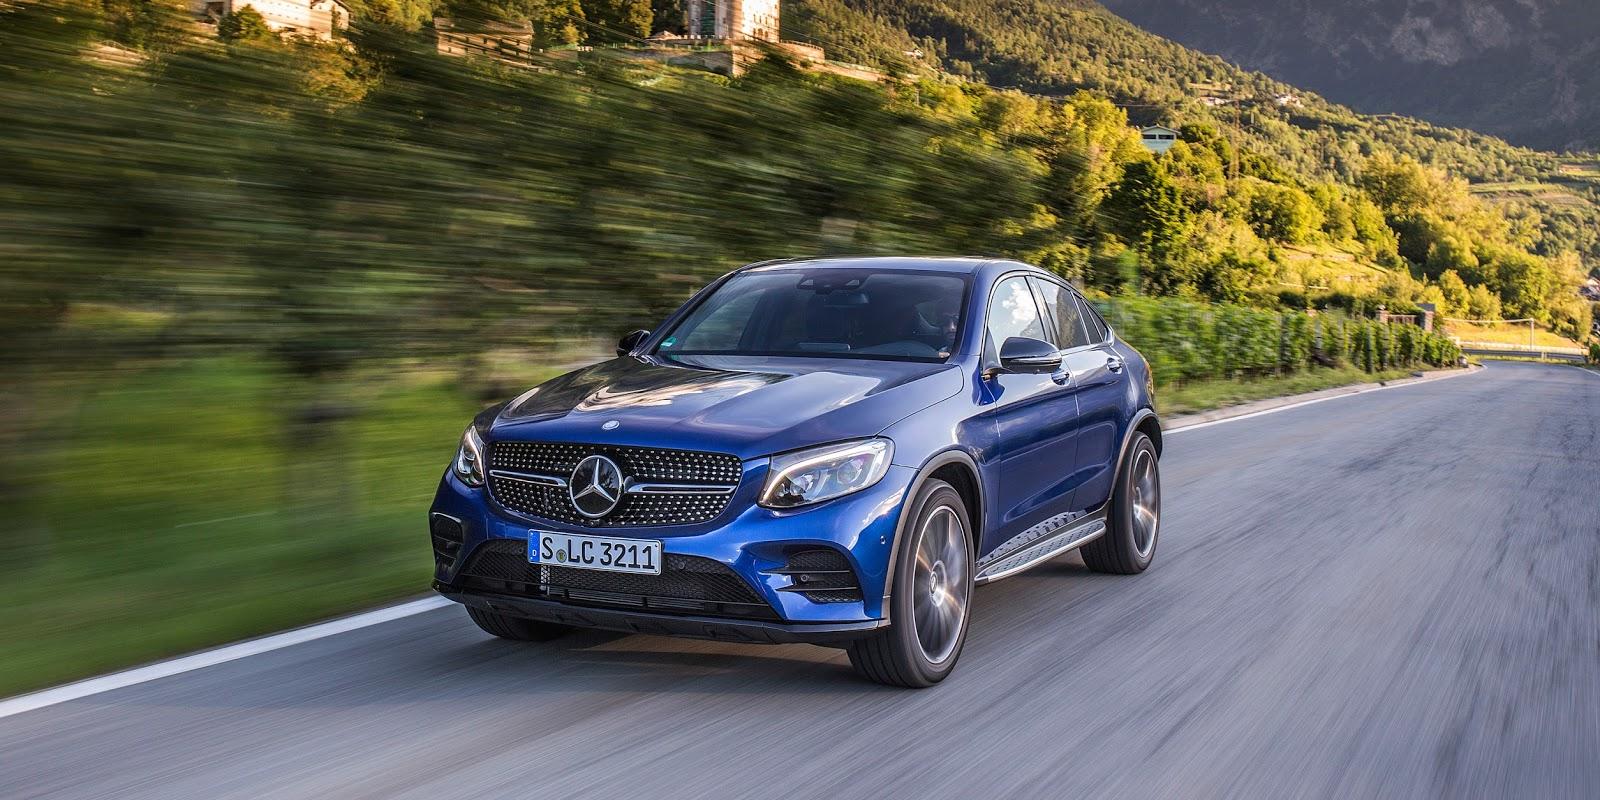 Mercedes Benz quá nhạy bén với Mercedes Benz GLC Coupe 2017
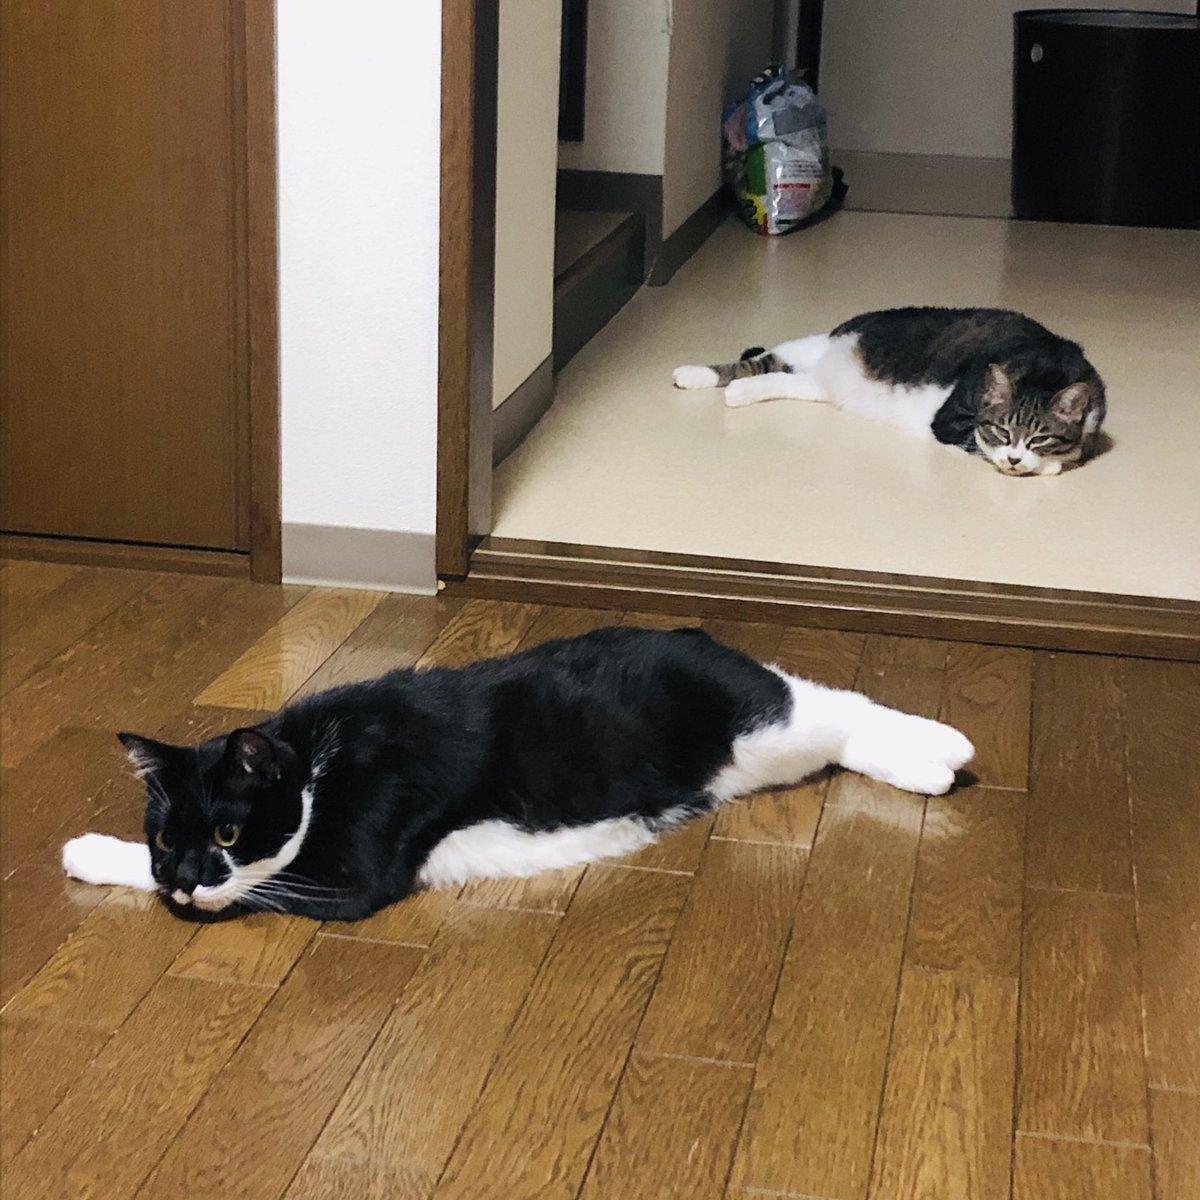 ねこが床に転がる季節の到来である  #ねこ #猫 #cat
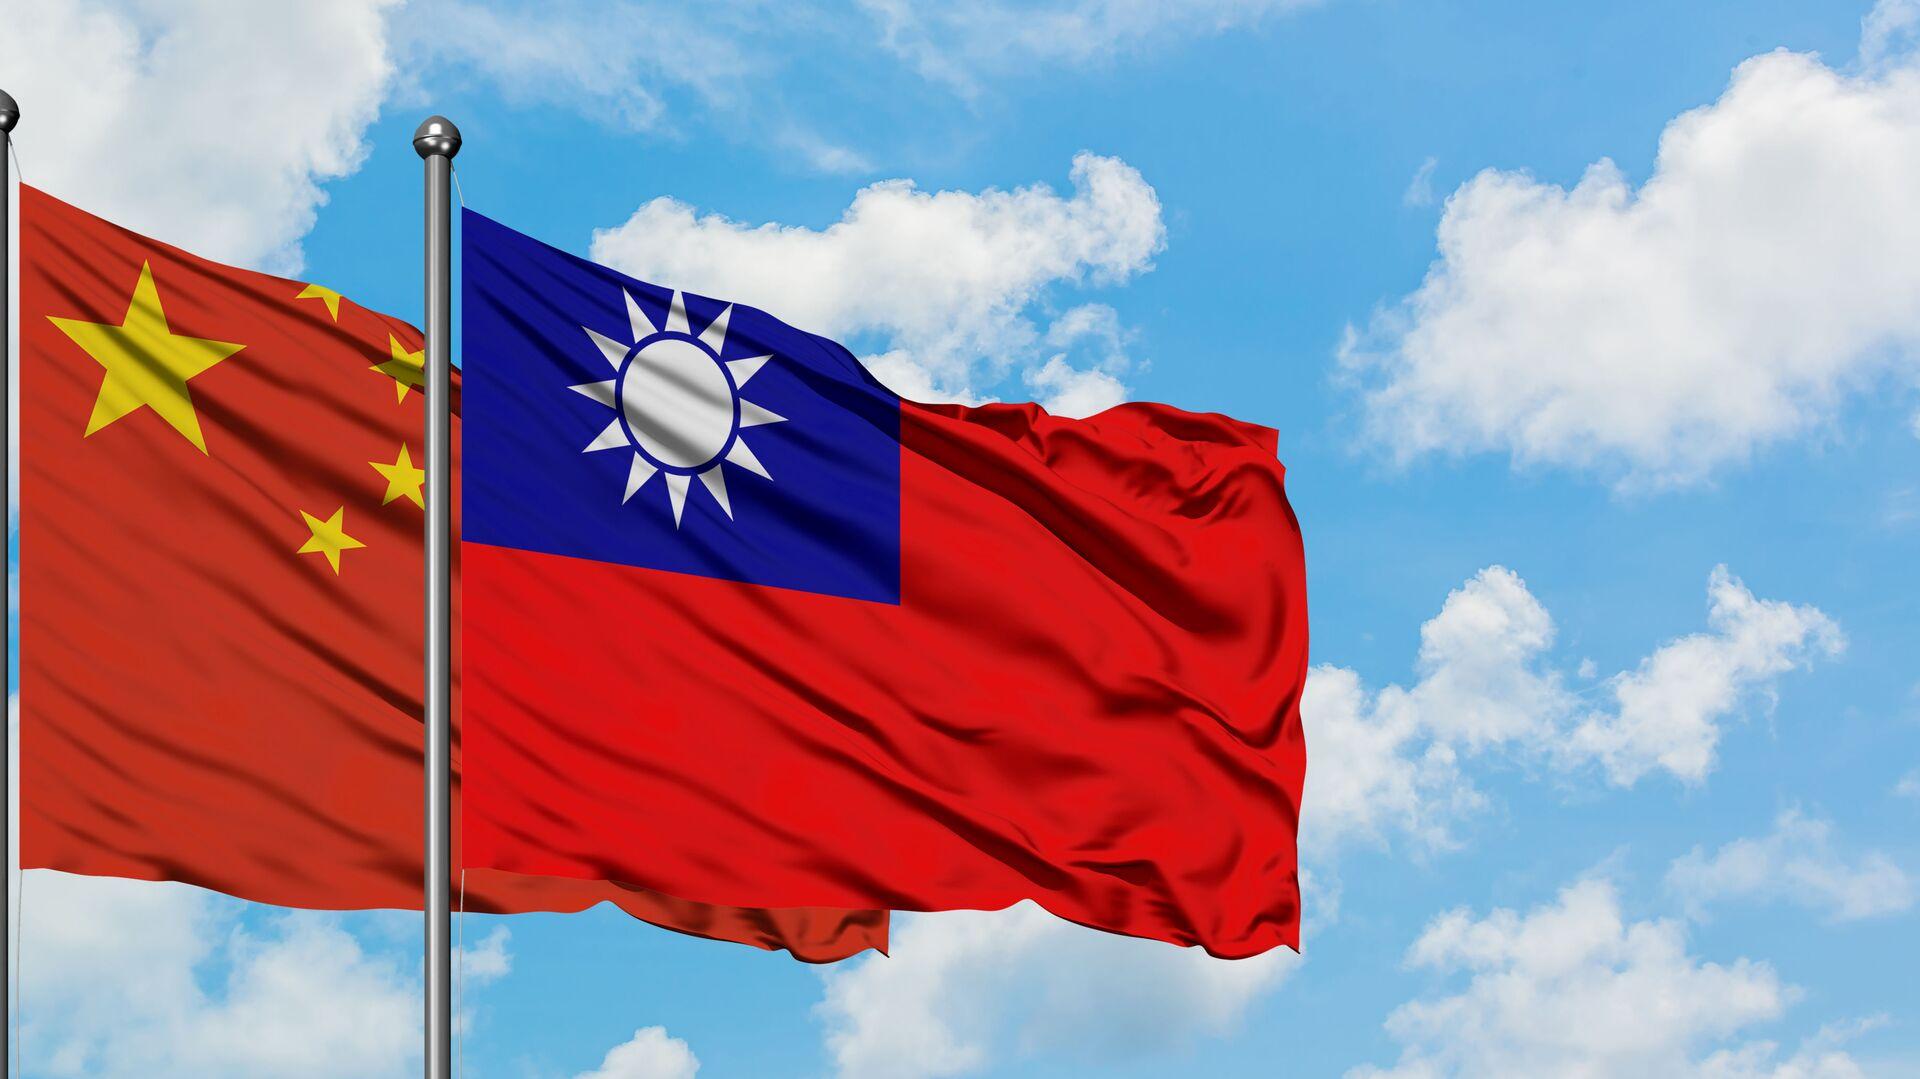 台湾の政権が中国に移った場合「カタストロフィー的結果」に 台湾総統が警告 - Sputnik 日本, 1920, 06.10.2021
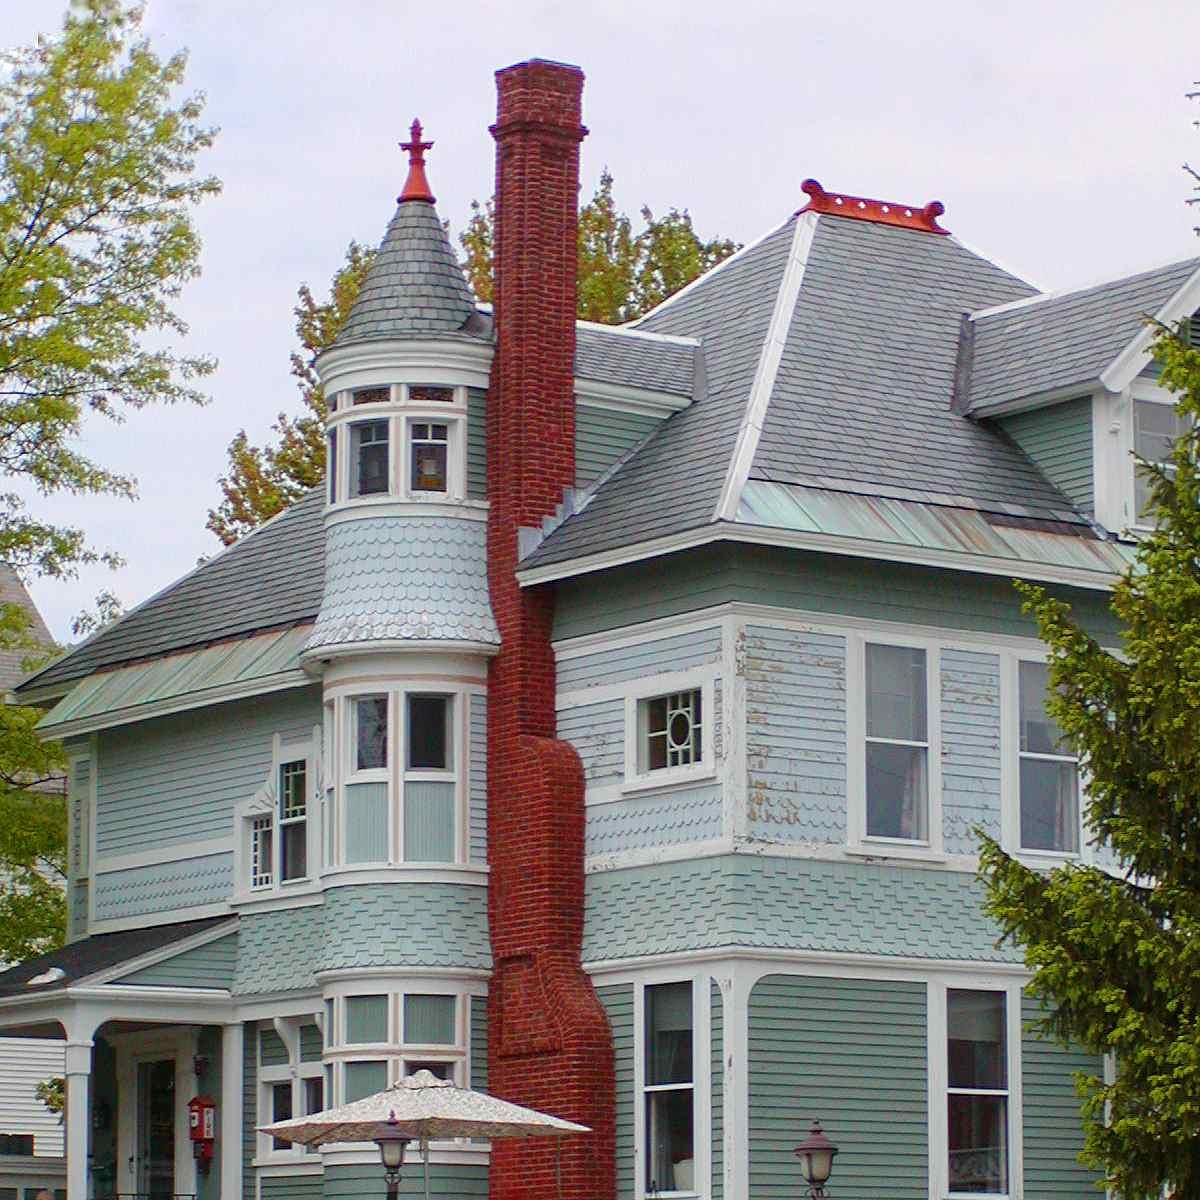 Photo du style Queen Anne Ash Street Inn

- _AIM OF THE EXERCISE_: Beginning with the line that has "#ねこ #猫 #cat", repeat each remaining line of the data above word for word, keeping pictures out.

- _TASK RESPONSE_:
 ねこが床に転がる季節の到来である  #ねこ #猫 #cat
 台湾の政権が中国に移った場合「カタストロフィー的結果」に 台湾総統が警告 - Sputnik 日本, 1920, 06.10.2021
 Photo du style Queen Anne Ash Street Inn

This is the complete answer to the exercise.